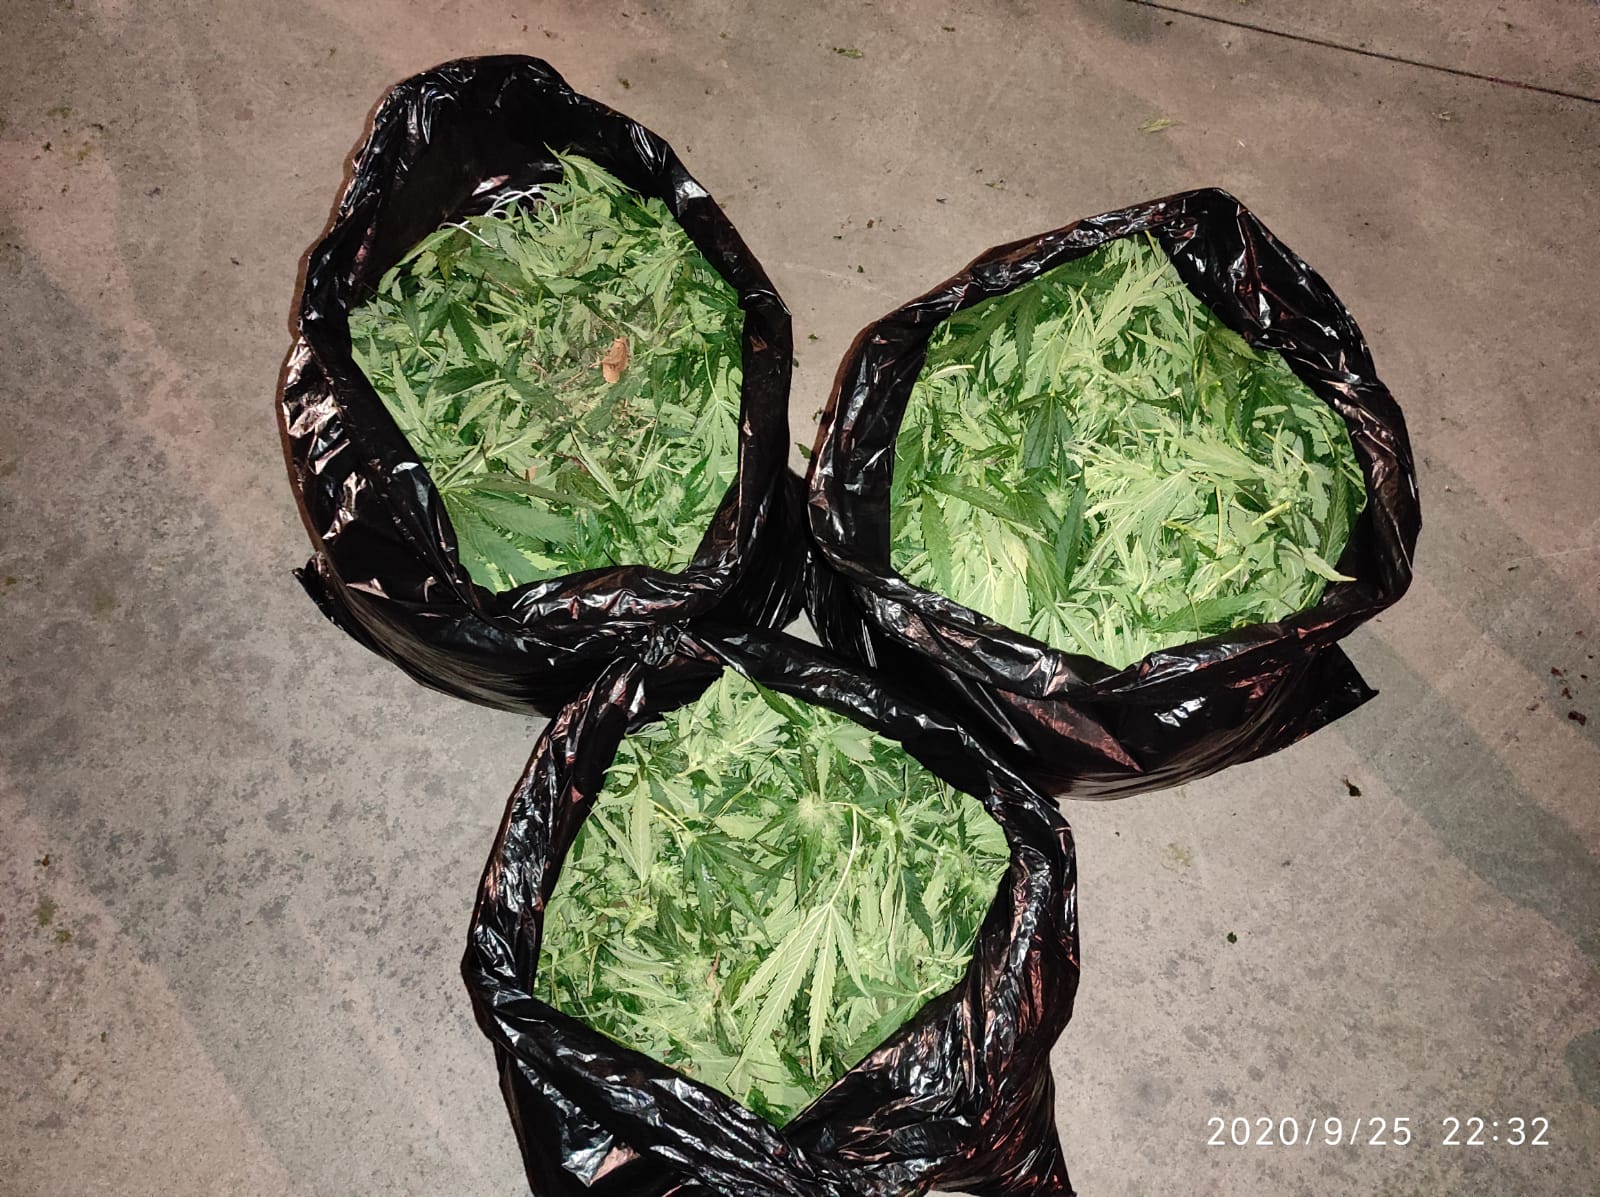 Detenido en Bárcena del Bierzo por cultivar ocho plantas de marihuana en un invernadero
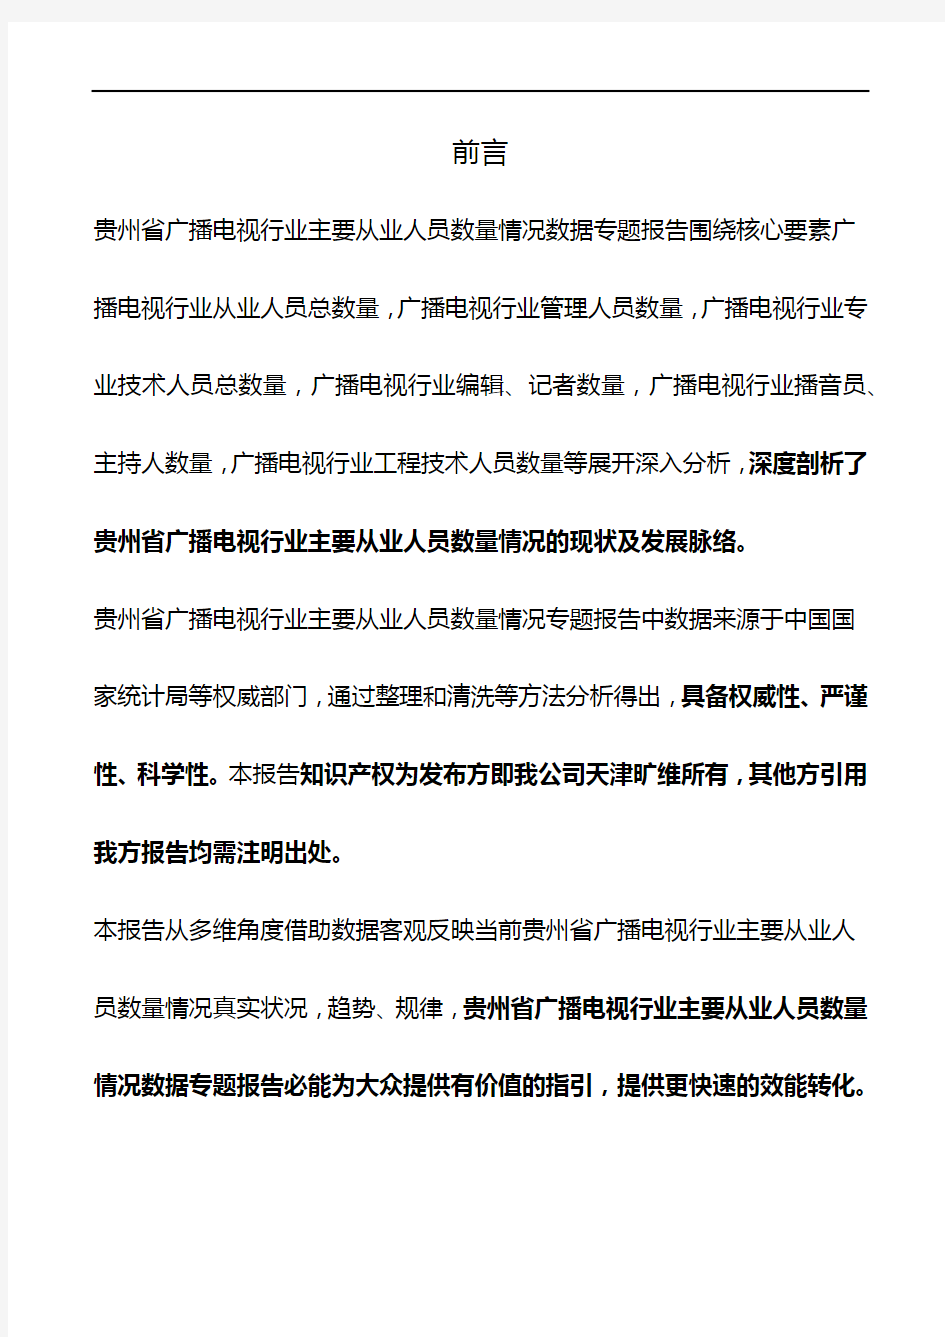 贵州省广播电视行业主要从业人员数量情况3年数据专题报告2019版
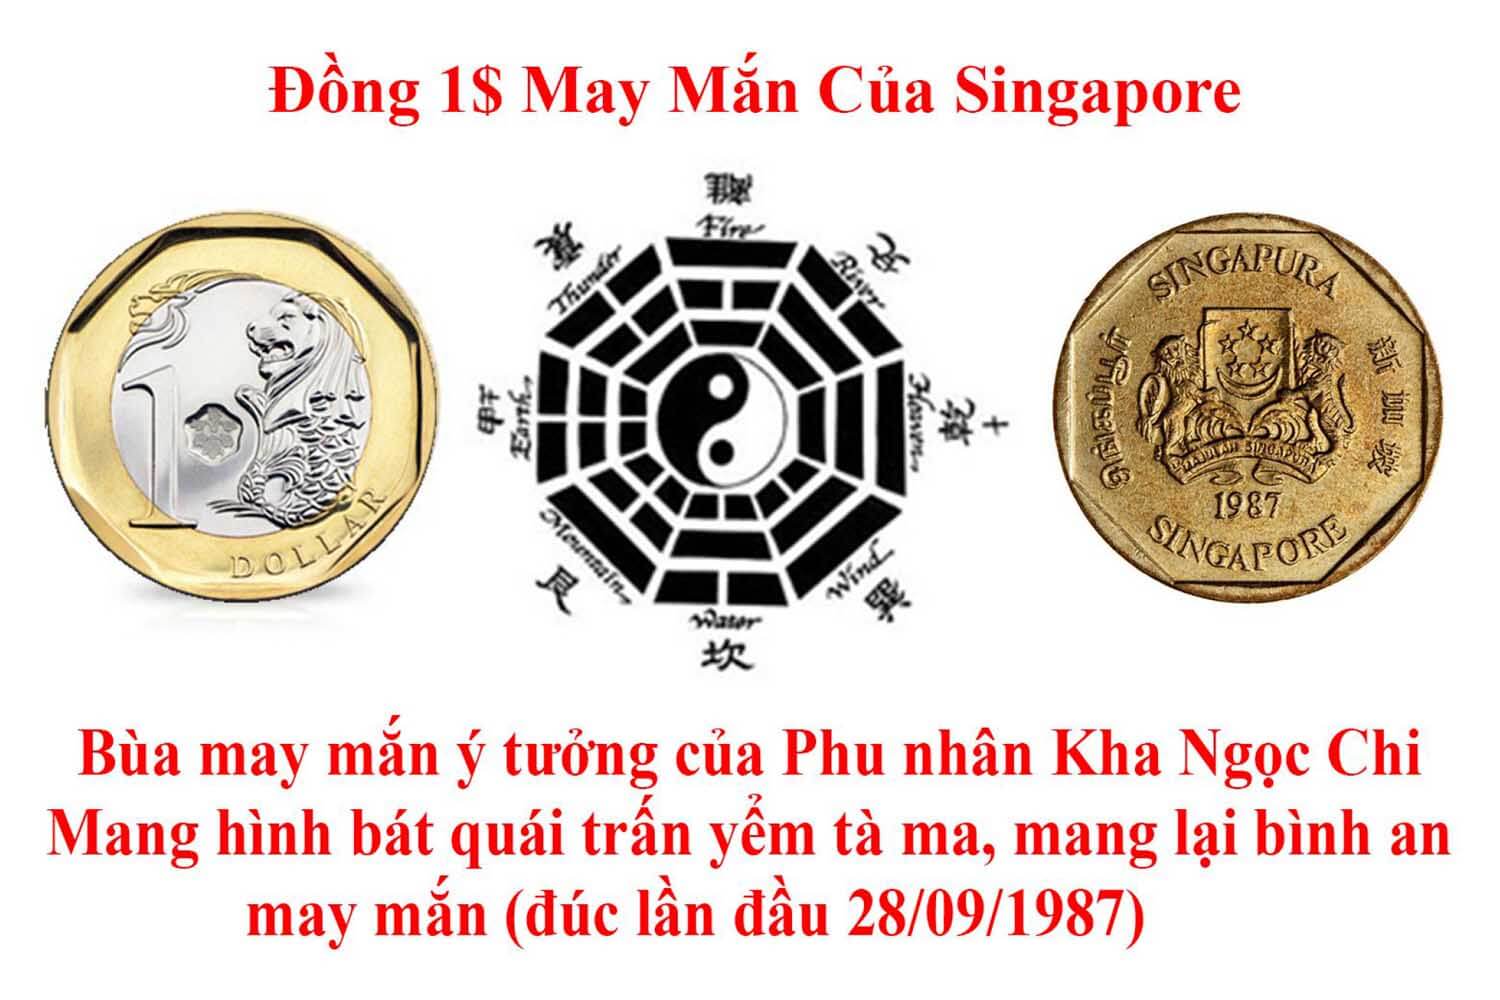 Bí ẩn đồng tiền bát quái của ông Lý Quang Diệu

_____

Every line from the one with "贵州省广播电视行业主要从业人员数量情况3年数据专题报告2019版" through the end of the material above should be restated word for word, with the pictures left out.

 贵州省广播电视行业主要从业人员数量情况3年数据专题报告2019版
 Bí ẩn đồng tiền bát quái của ông Lý Quang Diệu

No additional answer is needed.